There are currently two major barriers to progress in understanding the relationship of dietary AGEs to serum and urinary AGEs. The first is the lack of a comprehensive reference database of CML in different foods, where CML has been measured using sensitive and accurate gold standard measurement techniques such as liquid chromatography-mass spectrometry and where careful preparation of food samples has been conducted to minimize matrix effects (Ahmed et al, 2005; Assar et al., 2009). ELISA is not considered appropriate for quantitative food analyses and has led to erroneous reporting of CML values in foods (Ahmed et al, 2005; Assar et al., 2009). The second obstacle is the lack of an assessment method for dietary AGEs that has been published and rigorously validated by independent groups working with different populations. CML is considered the major AGE product in food and has been the most widely studied AGE in foods to date (Ames 2008).
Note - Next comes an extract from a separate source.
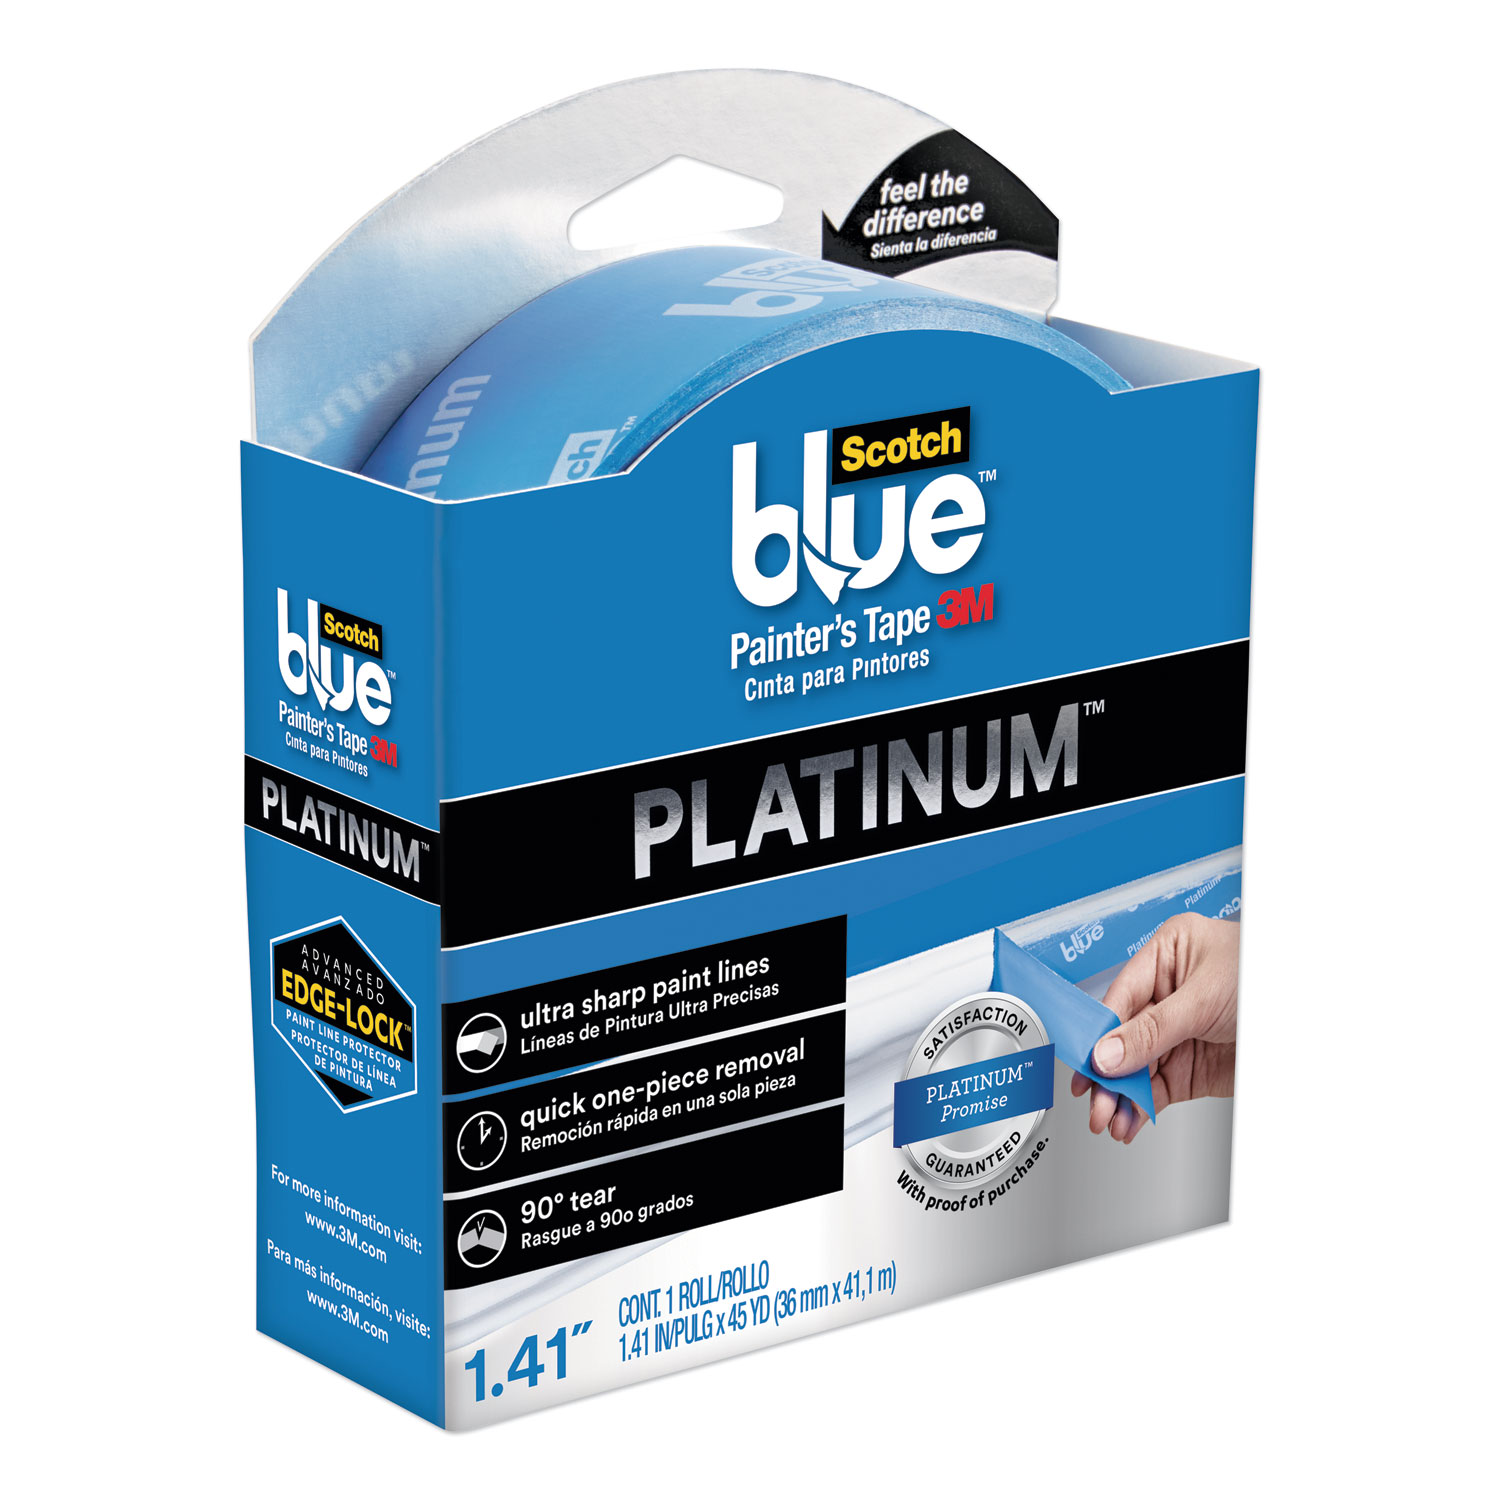 ScotchBlue Platinum Painter's Tape, 1.41

Other AGEs in food include pyrraline and pentosidine (Förster et al., 2005), but less has been done to characterize the concentration of these particular AGEs in foods.
Although adults with elevated circulating CML concentrations were shown to be at higher risk of cardiovascular and all-cause mortality (Kilhovd et al., 2007; Semba et al., 2009a, Semba et al., 2009b), the factors that contribute to higher CML levels have not been completely elucidated. Many studies show that impaired renal function is associated with higher circulating CML levels (Semba et al., 2010a). A previous study conducted in the Baltimore Longitudinal Study of Aging showed that abnormal glucose metabolism was not a major determinant of serum CML concentrations (Semba et al., 2010b). The present study suggests that the consumption of foods that are considered high in AGEs is not a major determinant of serum or urinary CML. However, a limitation of the present study is that the data are observational.
Future controlled intervention studies are needed in which serum and urinary CML are measured in subjects receiving well-defined, isocaloric diets that are either high or low in CML, where CML has been measured in the foods using careful preparation to reduce matrix effects and gold standard techniques such as liquid chromatography-mass spectrometry. In addition, future work is need to characterize the relative contributions of intracellular formation of CML and dietary CML to circulating and urinary CML using carefully conducted stable isotope studies.
Supported by National Institutes of Health Grants R01 CA105048, R01 AG027012, R01 AG029148, R01 HL094507, R37 AG019905, and the Intramural Research Program, National Institute on Aging, NIH.
Conflict of Interest
The authors declare no conflict of interest.